If you have experienced job losses, medical bills or other financial challenges, it may be difficult to maintain a good credit rating. With a good credit rating, you can face temporary financial challenges by getting a personal loan from a bank or lending institution. But if you have bad credit, it can be difficult or impossible to get a personal loan from a bank. What can you do to get a bad credit personal loan? You have some options, but you have to be careful.
Secure Credit Cards - A common credit card is a form of unsecured loan. This means that the lender gives you future access to money based solely on your previous credit history. You do not need to add any collateral required for your own capital loan or an auto loan.

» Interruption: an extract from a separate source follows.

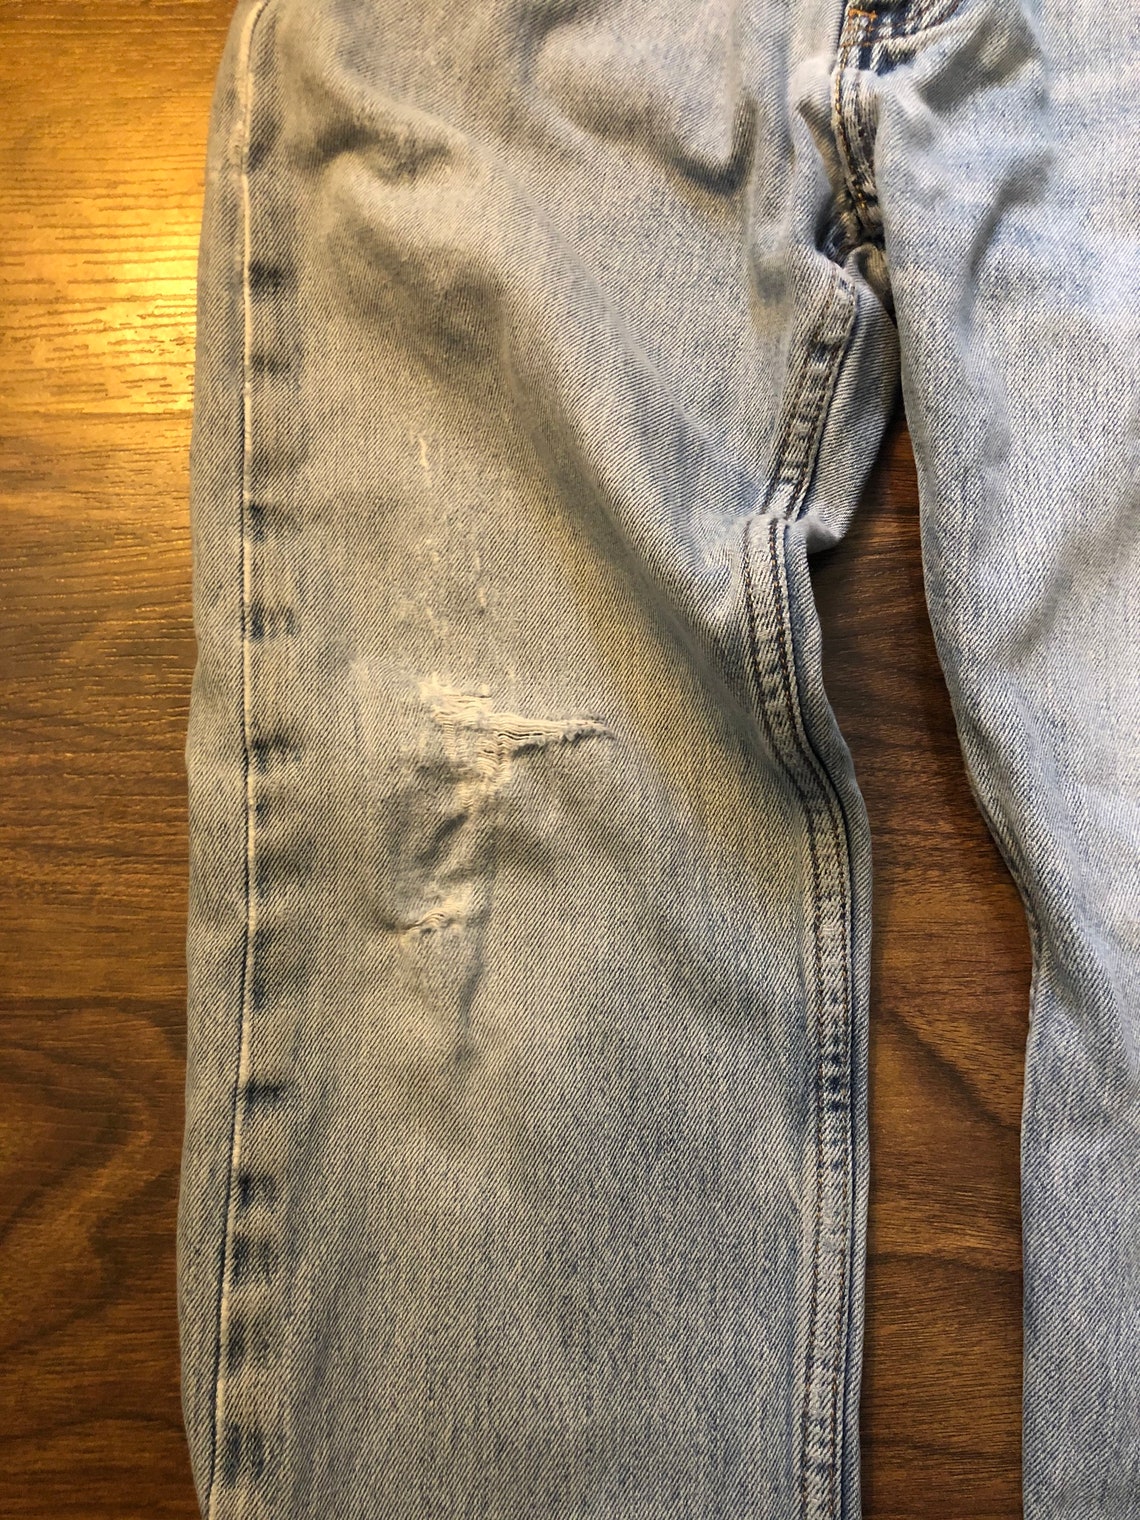 Vintage Levis Jeans Distressed Denim 505 Lot Red Tab | Etsy

But if you have bad credit, you may not be able to get an unsecured loan. As a way to help you build your credit rating, many banks offer secured credit cards. If you are approved for a secure credit card, you must make a cash deposit on your credit card account. You can then use the credit card to make purchases up to the amount of your deposit. Then, when you make your regular monthly payment, it reflects your credit rating.
A secure credit card is not a loan. It is simply a way to create better credit. After a year or so you may be entitled to a regular credit card. But beware - some unscrupulous secured credit card companies charge unreasonable fees.
Payday Loans - If you have a permanent job and quickly need money for an emergency, you can consider a payday loan. This is a short-term short-term loan that is usually obtained from a home loan for housing pay.
Let's say you need to borrow $ 400 today to get your car fixed. Your next payday is in two weeks, and your home salary is $ 1000. The payroll office will ask you for a check in the amount of $ 400 plus interest. The check is after dated two weeks to your next payday. You give them control and go to the office with $ 400 in cash.
On your next payday, cash will cash your check. If your check bounces you may be subject to criminal charges or the lender will agree to roll over your loan until the next payday - for a steep fee.
Payday loans are expensive. The loan charges are calculated per $ 100 borrowed, and usually range from $ 10 to as high as $ 30 per $ 100 borrowed. If you are charged $ 15 per $ 100 borrowed, a 14-day loan of $ 400 will cost you $ 60 in interest. It is an annual percentage rate (APR) of 390%. Think of it - do you really want to pay $ 60 to borrow $ 400 in two weeks? And do not forget that your next paycheck will not be $ 1000 - it will be $ 540, as you will have repayed the loan.
Peer-to-Peer lending - Also called personal-to-person lending, P2P lending or social lending, peer-to-peer lending can be a good option if you have access to a lending group. Originally, peer-to-peer lending was developed by closely linked ethnic groups who trusted each other and may not have had access to traditional banks. With its most basic, the group creates a pool of money that members can take out loans, usually for purposes like a wedding, building a home or starting a small business. The money is then refunded, sometimes with low interest rate.
Traditional group group lending depends on a high level of personal knowledge and trust among the participants. For the public, commercial lending pages are being operated on the Internet and quickly becoming popular. Peer-Peer lending websites can generally help people of all types of credit. Because the individuals borrow the money stands to reap a greater return on their investment when they lend to people with bad credit - you have many who are willing to do that. Peer to peer or social lending becomes a great way to get money without using banks or credit cards.
Getting a personal loan with bad credit can be difficult, but if you take the time and explore all available options, you will certainly find people willing to lend money. As always, be careful because the loans available to people with bad credit generally have higher prices and fees associated with them.